◆ **EXERCISE DATA**
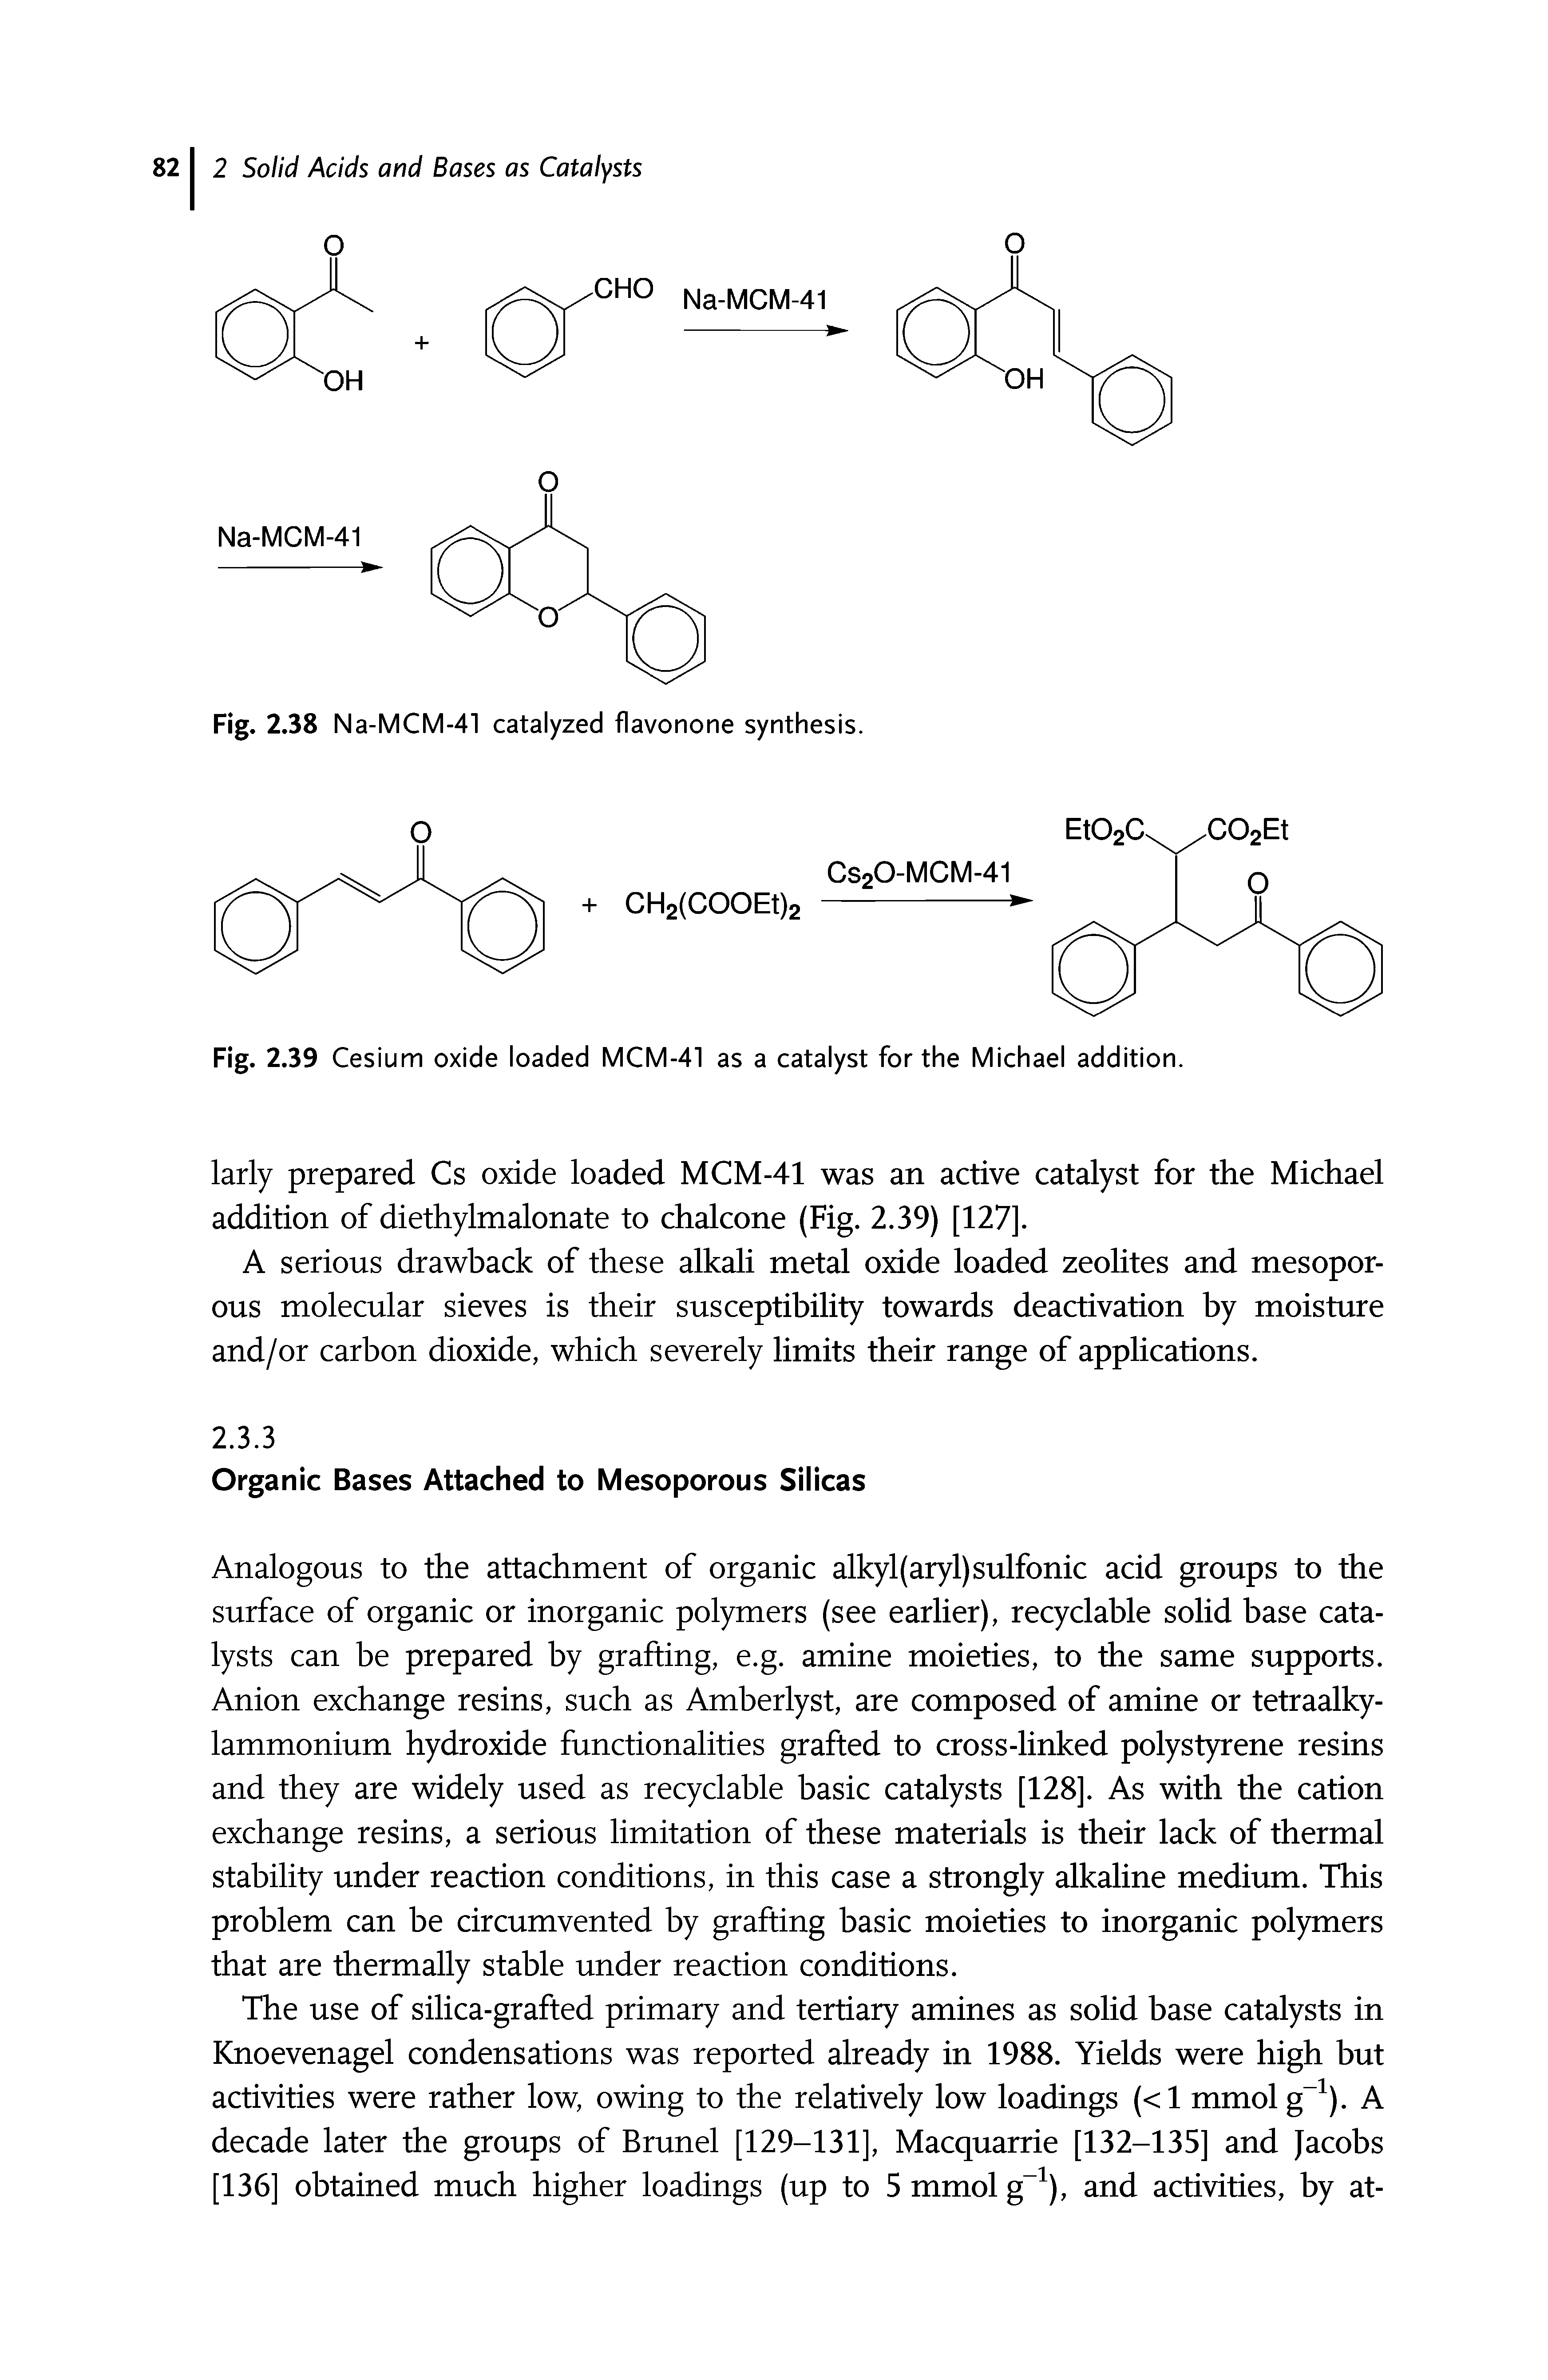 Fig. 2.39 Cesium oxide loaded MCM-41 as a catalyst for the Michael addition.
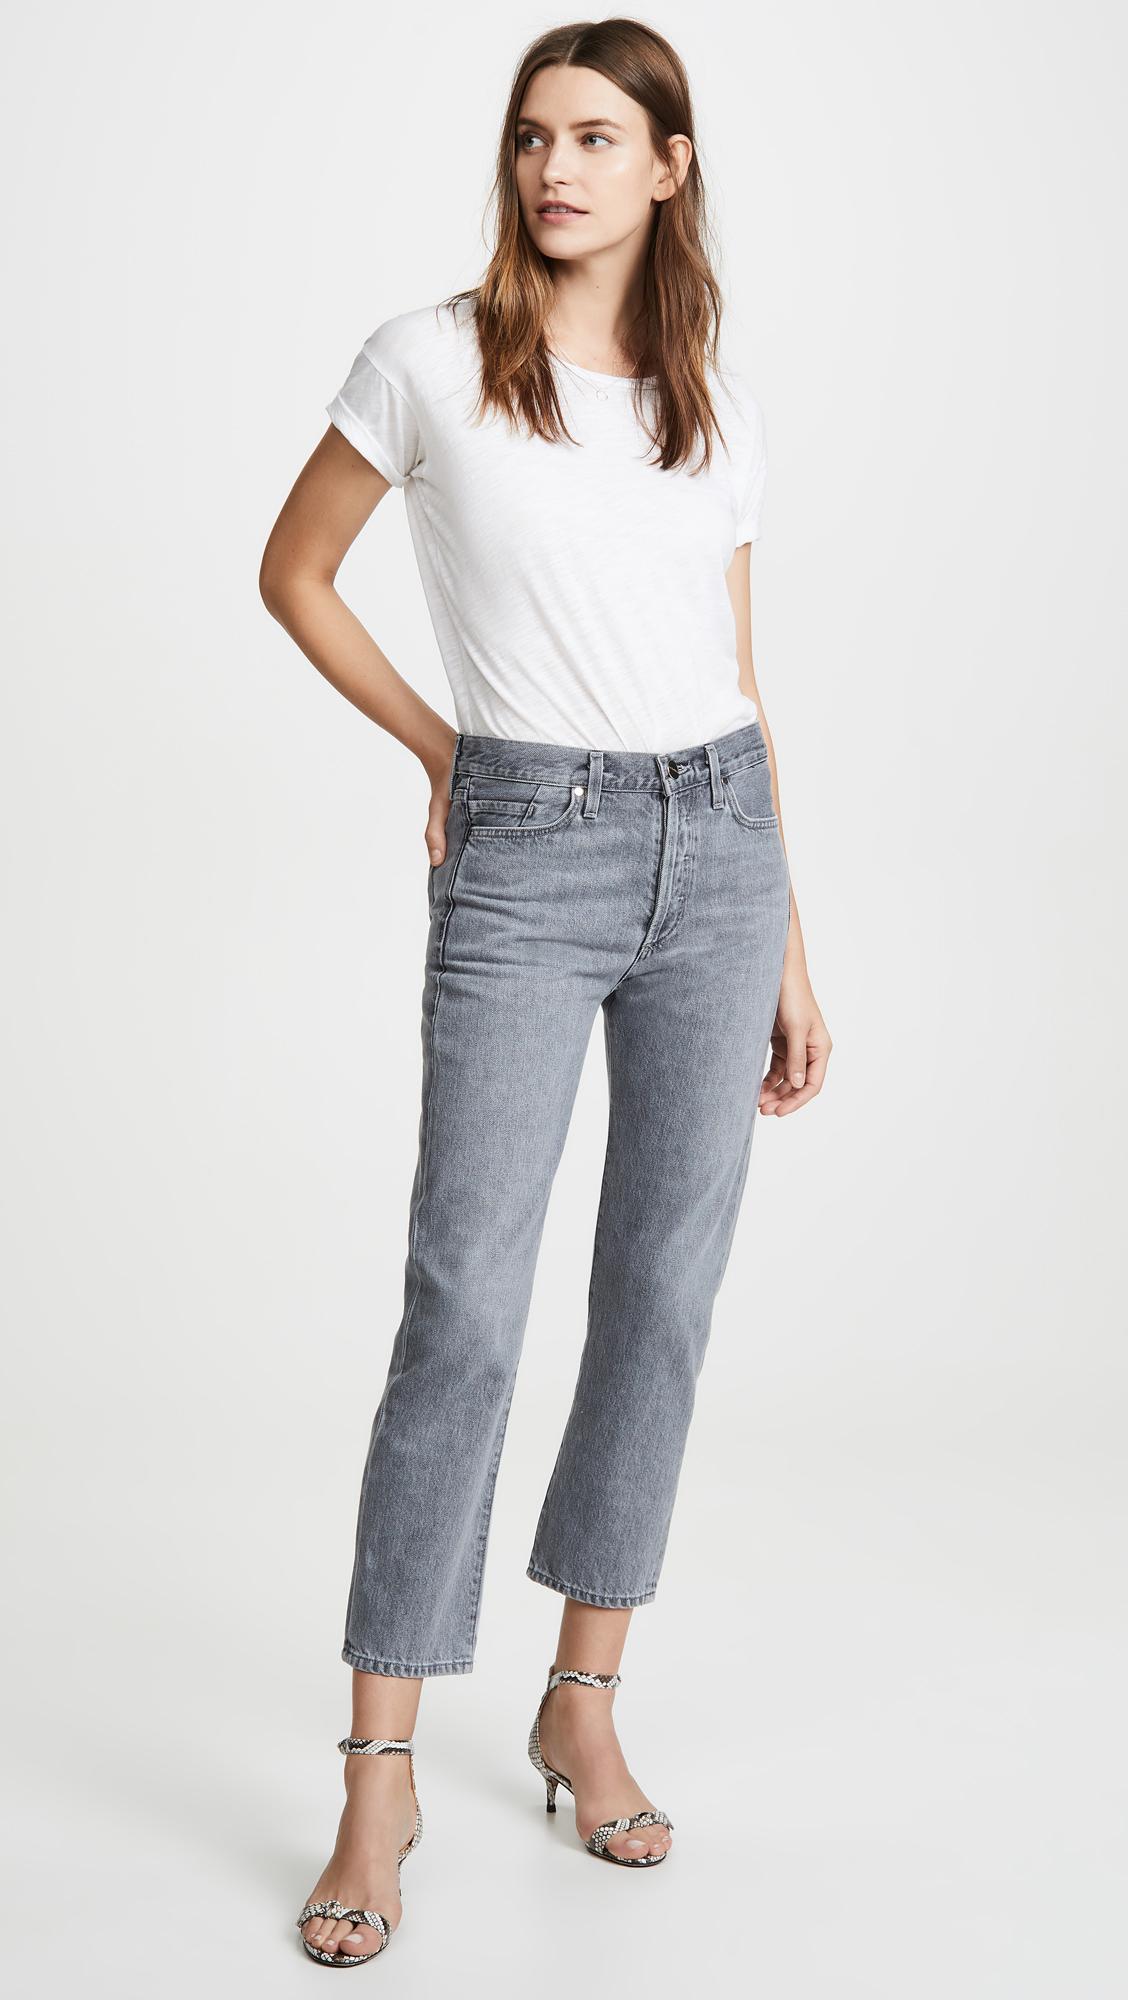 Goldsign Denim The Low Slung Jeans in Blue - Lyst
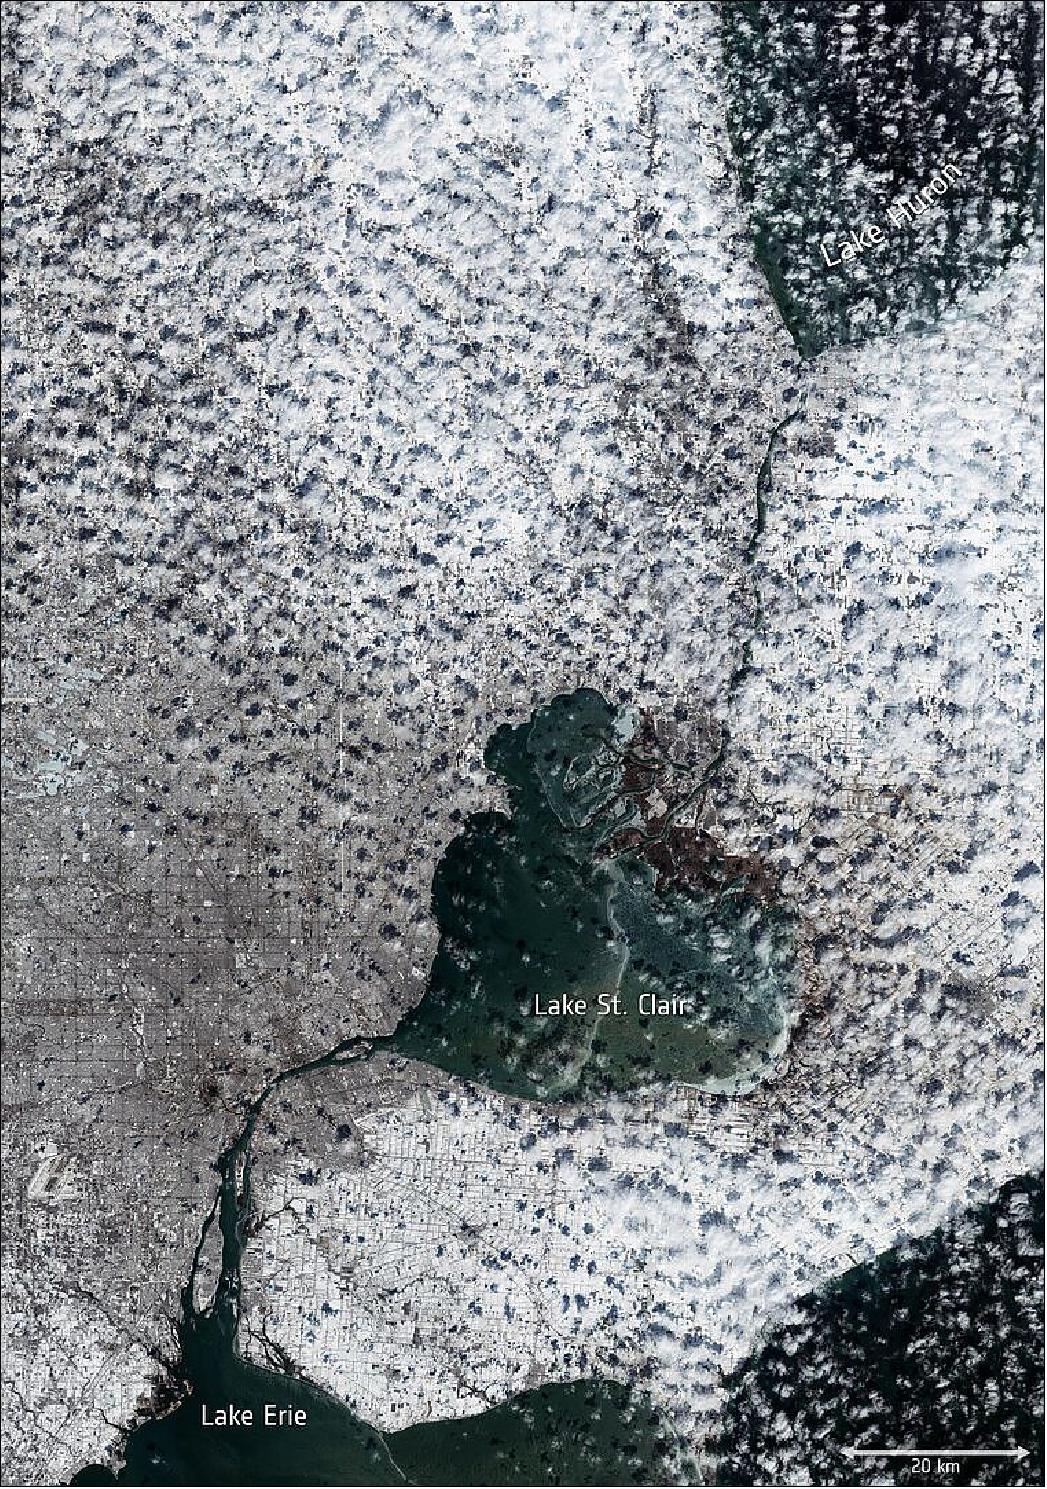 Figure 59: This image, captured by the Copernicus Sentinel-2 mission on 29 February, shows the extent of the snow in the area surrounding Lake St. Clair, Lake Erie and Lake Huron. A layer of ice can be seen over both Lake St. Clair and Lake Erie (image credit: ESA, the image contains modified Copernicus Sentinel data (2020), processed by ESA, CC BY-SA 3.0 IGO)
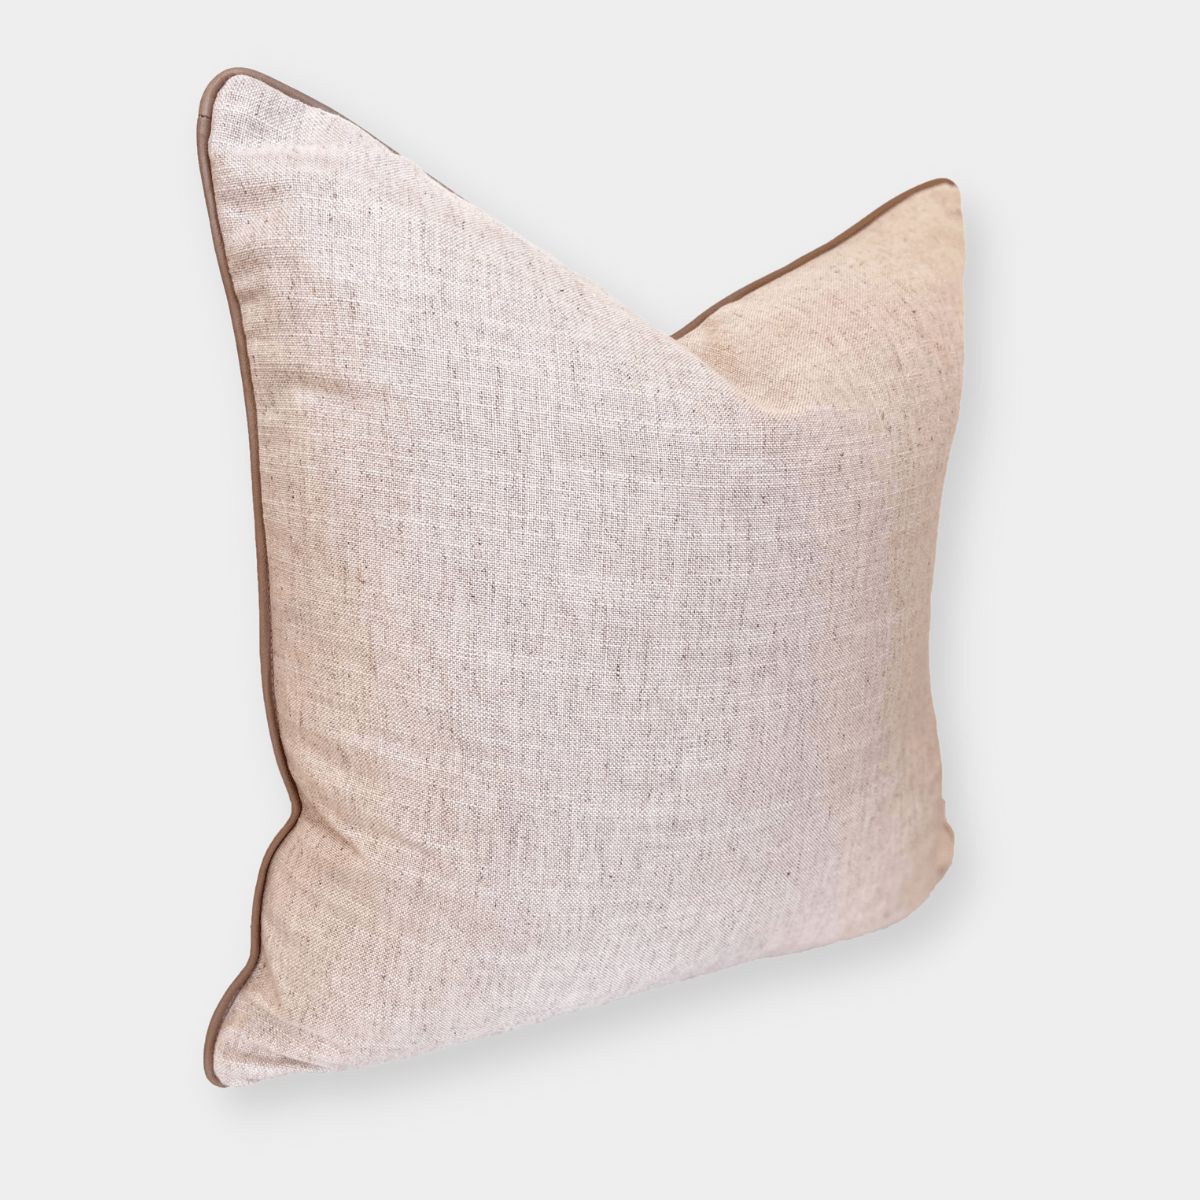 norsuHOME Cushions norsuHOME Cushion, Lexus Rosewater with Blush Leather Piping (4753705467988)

◆ **TASK**
Exclude the pictures from the copy. Retype exactly the lines running from the one containing "Goldsign Denim The" through the last line of the listing.

◆ **EXERCISE ANSWER**
 Goldsign Denim The Low Slung Jeans in Blue - Lyst
 Figure 59: This image, captured by the Copernicus Sentinel-2 mission on 29 February, shows the extent of the snow in the area surrounding Lake St. Clair, Lake Erie and Lake Huron. A layer of ice can be seen over both Lake St. Clair and Lake Erie (image credit: ESA, the image contains modified Copernicus Sentinel data (2020), processed by ESA, CC BY-SA 3.0 IGO)
 norsuHOME Cushions norsuHOME Cushion, Lexus Rosewater with Blush Leather Piping (4753705467988)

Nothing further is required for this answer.